When I run the below code :
from keras.models import Sequential
from keras.layers import Dense
import numpy
import time
# fix random seed for reproducibility
seed = 7
# load dataset
dataset = numpy.loadtxt("C:/Users/AQader/Desktop/Keraslearn/mammm.csv", delimiter=",")
# split into input (X) and output (Y) variables
X = dataset[:,0:5]
Y = dataset[:,5]
# create model
model = Sequential()
model.add(Dense(50, input_dim=5, init='uniform', activation='relu'))
model.add(Dense(25, init='uniform', activation='tanh'))
model.add(Dense(15, init='uniform', activation='tanh'))
model.add(Dense(1, init='uniform', activation='sigmoid'))
# Compile model
model.compile(loss='binary_crossentropy', optimizer='adam', metrics=['accuracy'])
# Fit the model
model.fit(X, Y, nb_epoch=200, batch_size=20, verbose = 0)
# evaluate the model
scores = model.evaluate(X, Y)
print("%s: %.2f%%" % (model.metrics_names[1], scores[1]*100))

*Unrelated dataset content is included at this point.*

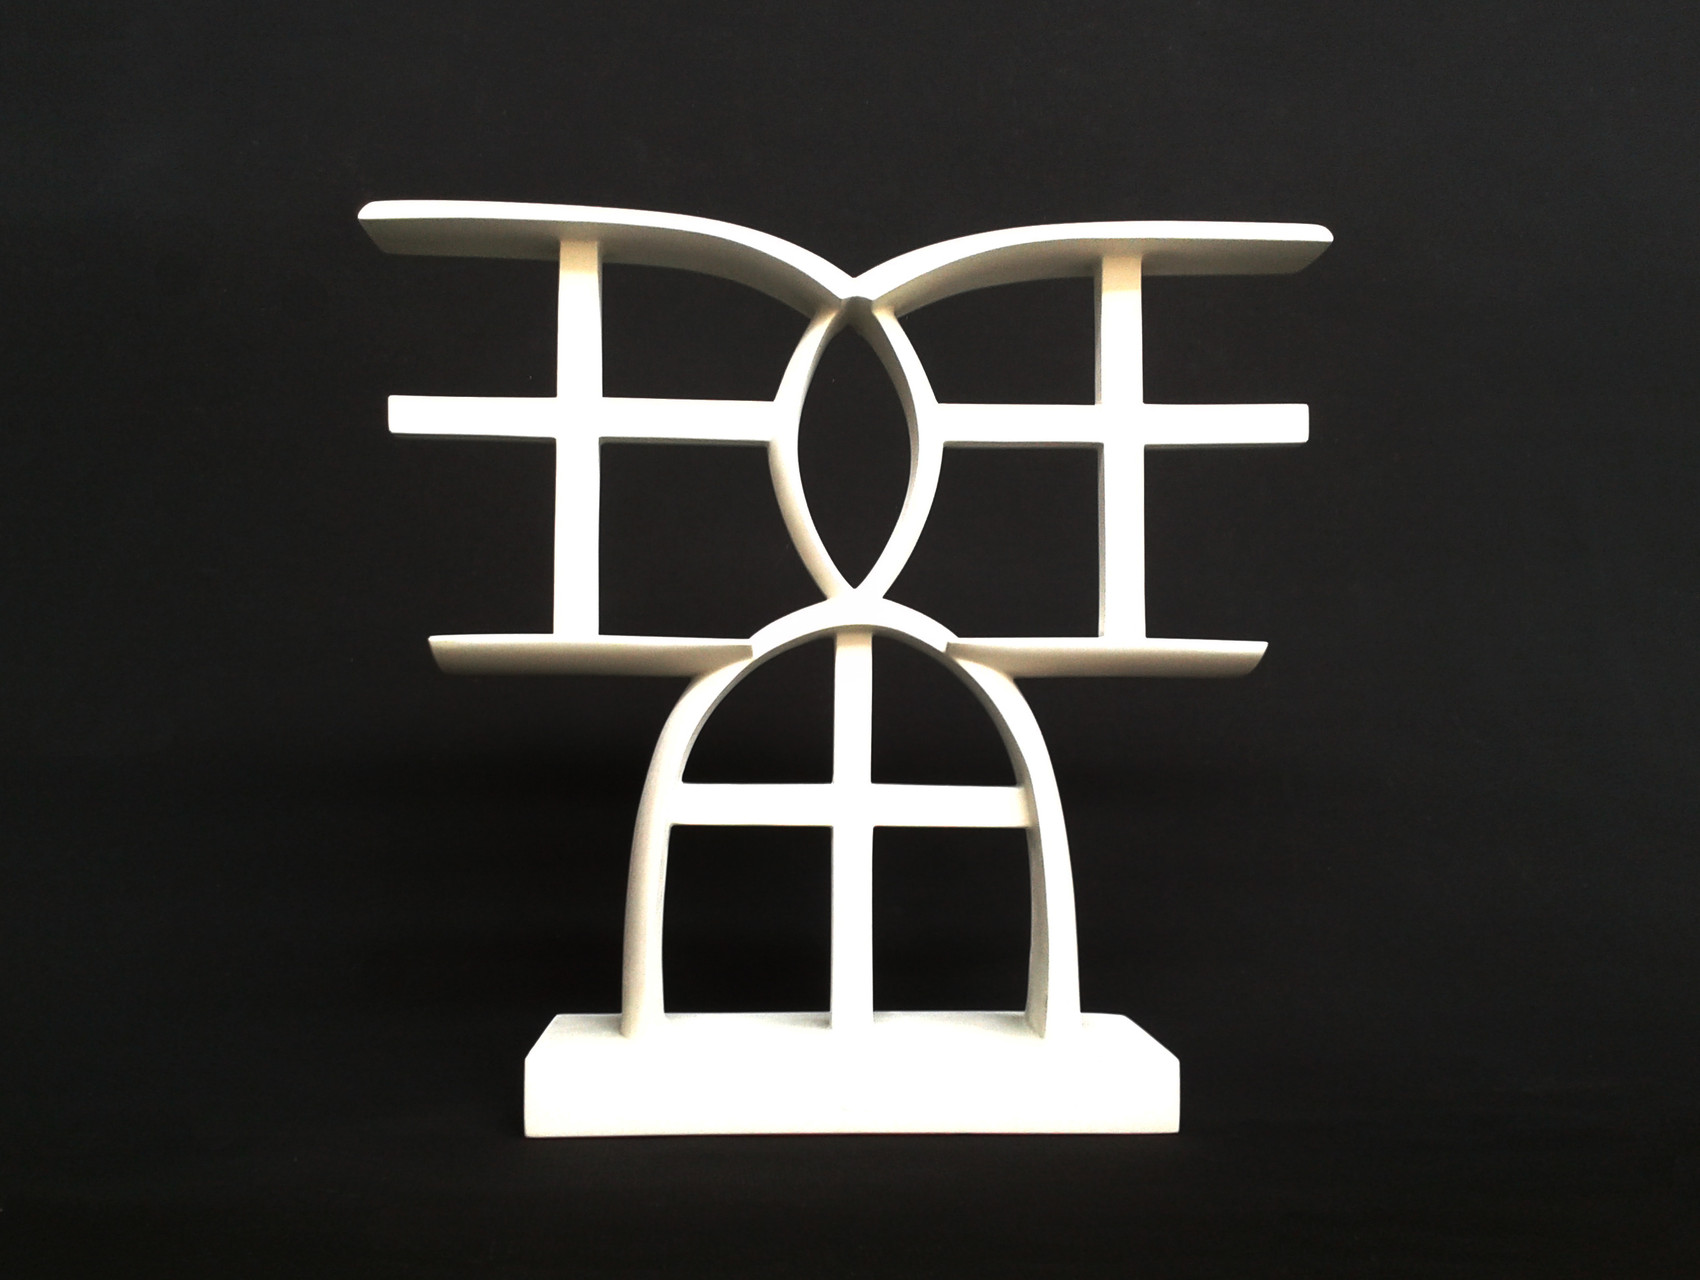 A+G 10. 2012. 40 X 37 X 9 cm. Aluminio - Pintura electrostática

I end up receiving the following.
32/829 [>.............................] - ETA: 0sacc: 84.20%
That's it. Only one line that shows up after a half minute of training. After looking through other questions, the usual output looks like:
Epoch 1/20
1213/1213 [==============================] - 0s - loss: 0.1760
Epoch 2/20
1213/1213 [==============================] - 0s - loss: 0.1840
Epoch 3/20
1213/1213 [==============================] - 0s - loss: 0.1816
Epoch 4/20
1213/1213 [==============================] - 0s - loss: 0.1915
Epoch 5/20
1213/1213 [==============================] - 0s - loss: 0.1928
Epoch 6/20
1213/1213 [==============================] - 0s - loss: 0.1964
Epoch 7/20
1213/1213 [==============================] - 0s - loss: 0.1948
Epoch 8/20
1213/1213 [==============================] - 0s - loss: 0.1971
Epoch 9/20
1213/1213 [==============================] - 0s - loss: 0.1899
Epoch 10/20
1213/1213 [==============================] - 0s - loss: 0.1957
Can anyone tell me what may be wrong here? I am a beginner in this yet this doesn't seem normal. Please note that there are no errors in the "code" sections. What I mean is that the 0sacc is what shows up. I'm running this in the Anaconda Environment Python 2.7 on a Windows 7 64-bit machine. 8GB RAM and Core i5 5th gen.
By calling model.fit with verbose = 0 you have suppressed detailed output. Try setting verbose = 1.